What you are asked to do: Copy the listing exactly, please, and keep every picture out of it.

Data section:

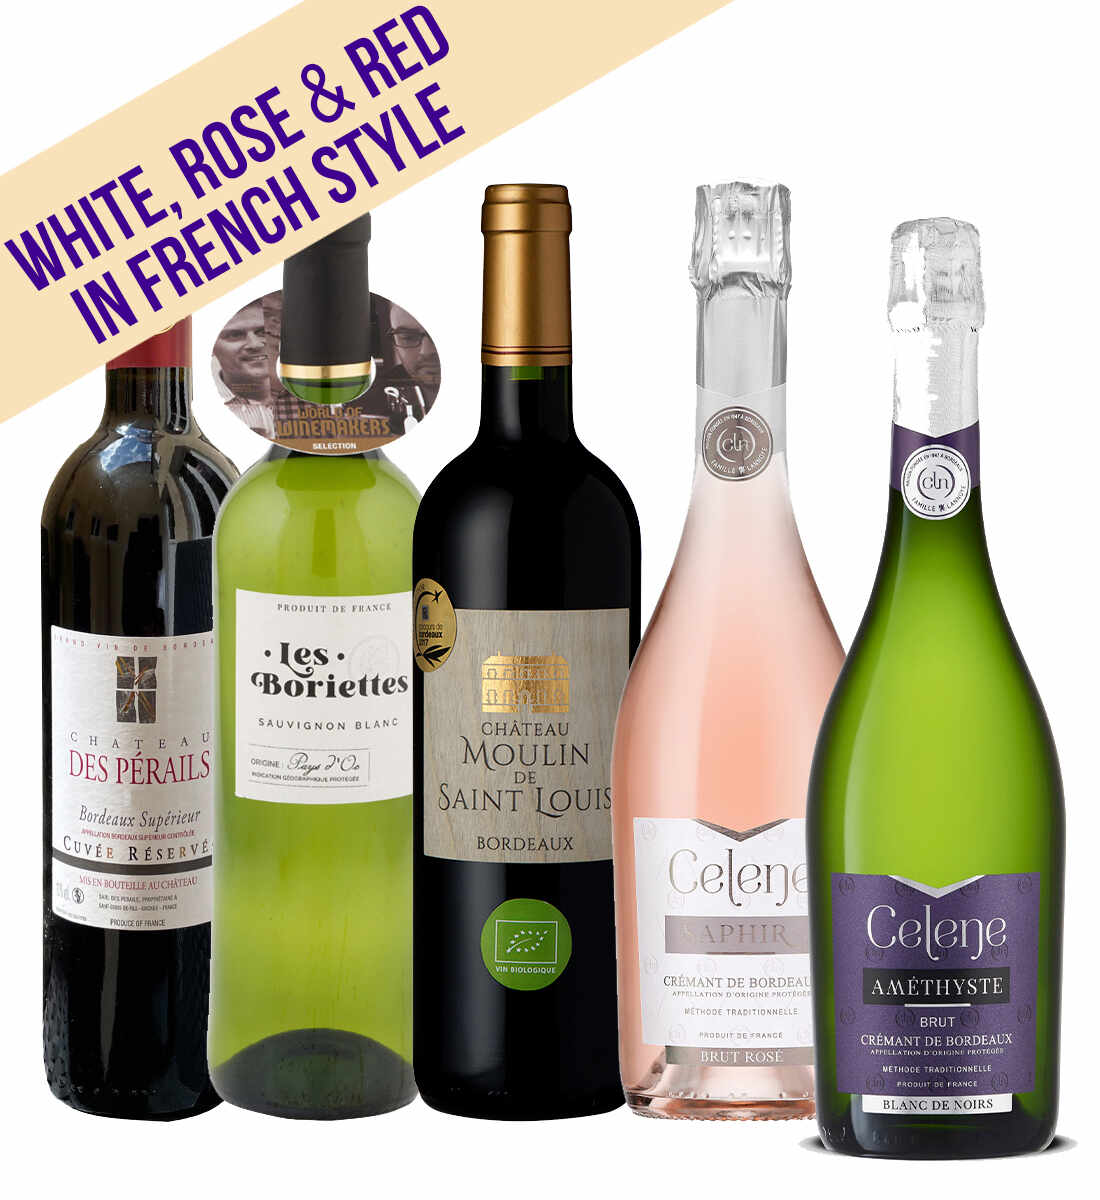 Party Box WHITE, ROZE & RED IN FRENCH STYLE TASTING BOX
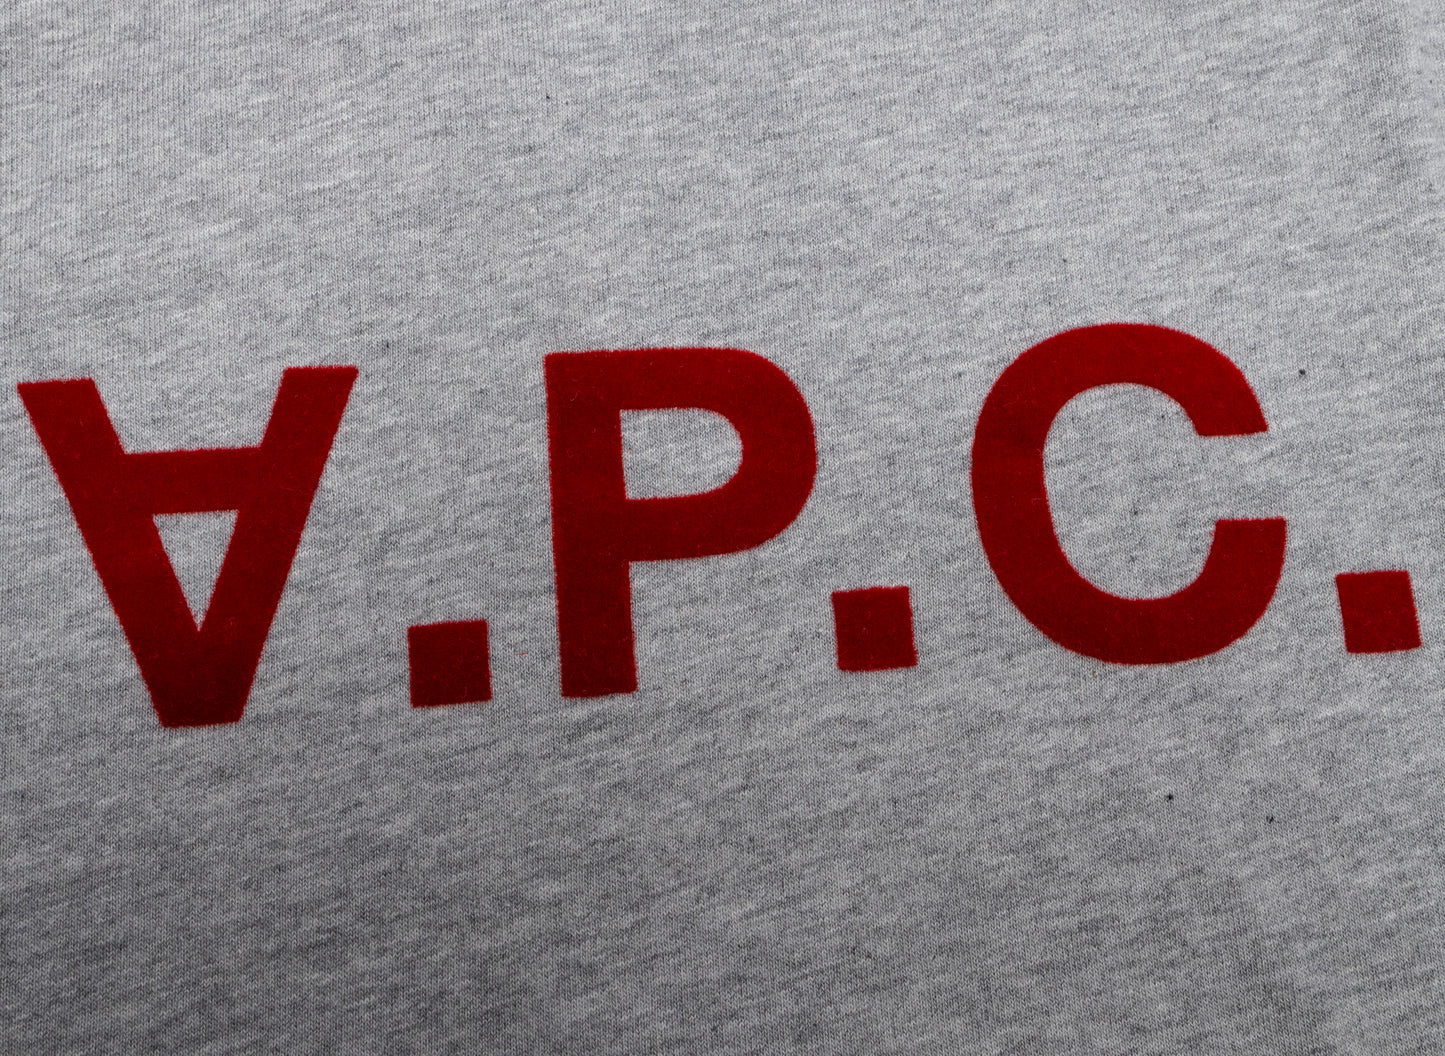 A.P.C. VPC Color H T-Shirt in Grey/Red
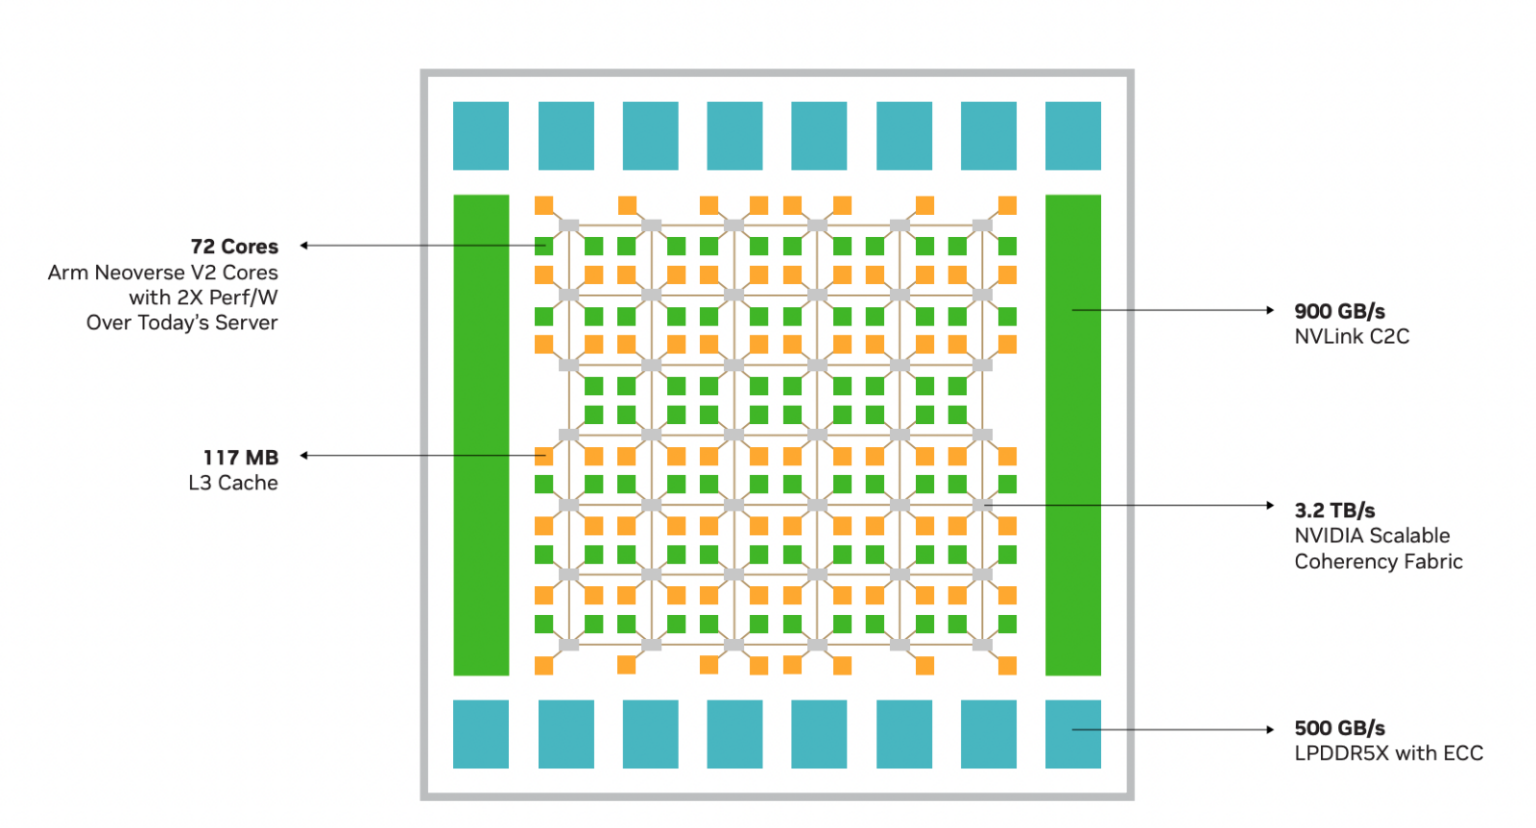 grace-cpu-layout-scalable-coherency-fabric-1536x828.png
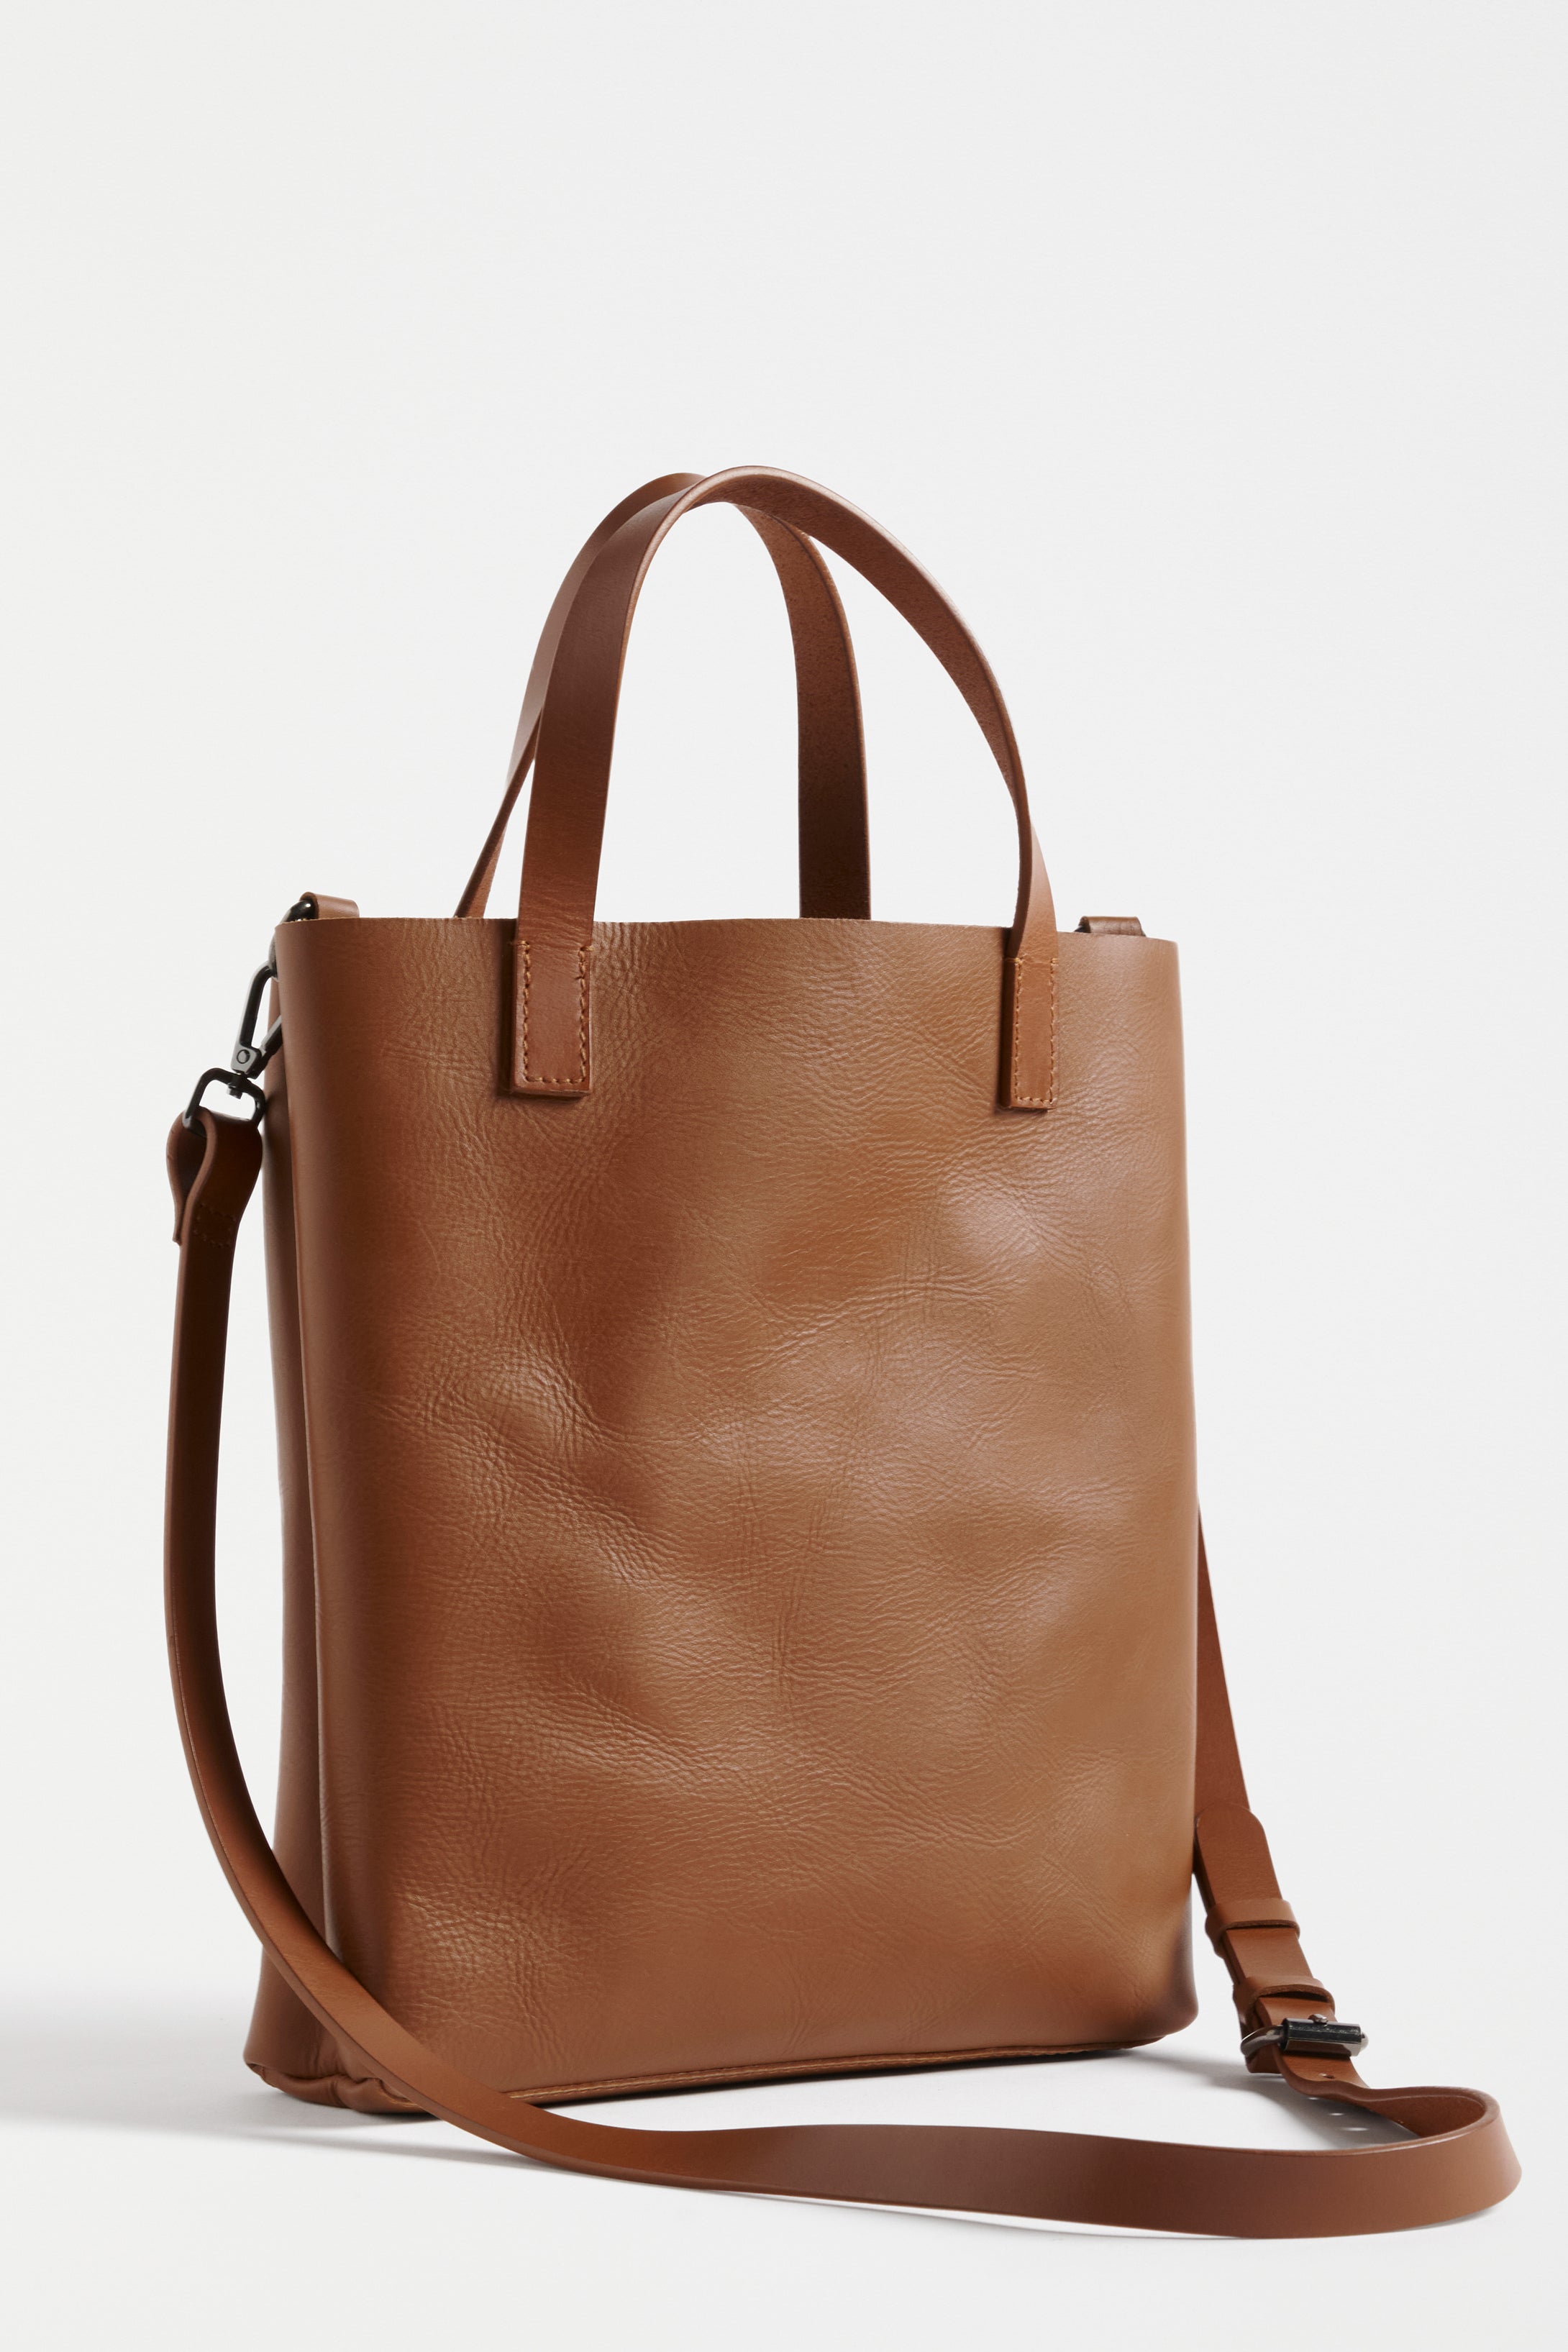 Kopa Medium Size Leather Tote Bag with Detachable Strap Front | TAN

Expected answer:
 Party Box WHITE, ROZE & RED IN FRENCH STYLE TASTING BOX
 A.P.C. VPC Color H T-Shirt in Grey/Red
 grace-cpu-layout-scalable-coherency-fabric-1536x828.png
 Kopa Medium Size Leather Tote Bag with Detachable Strap Front | TAN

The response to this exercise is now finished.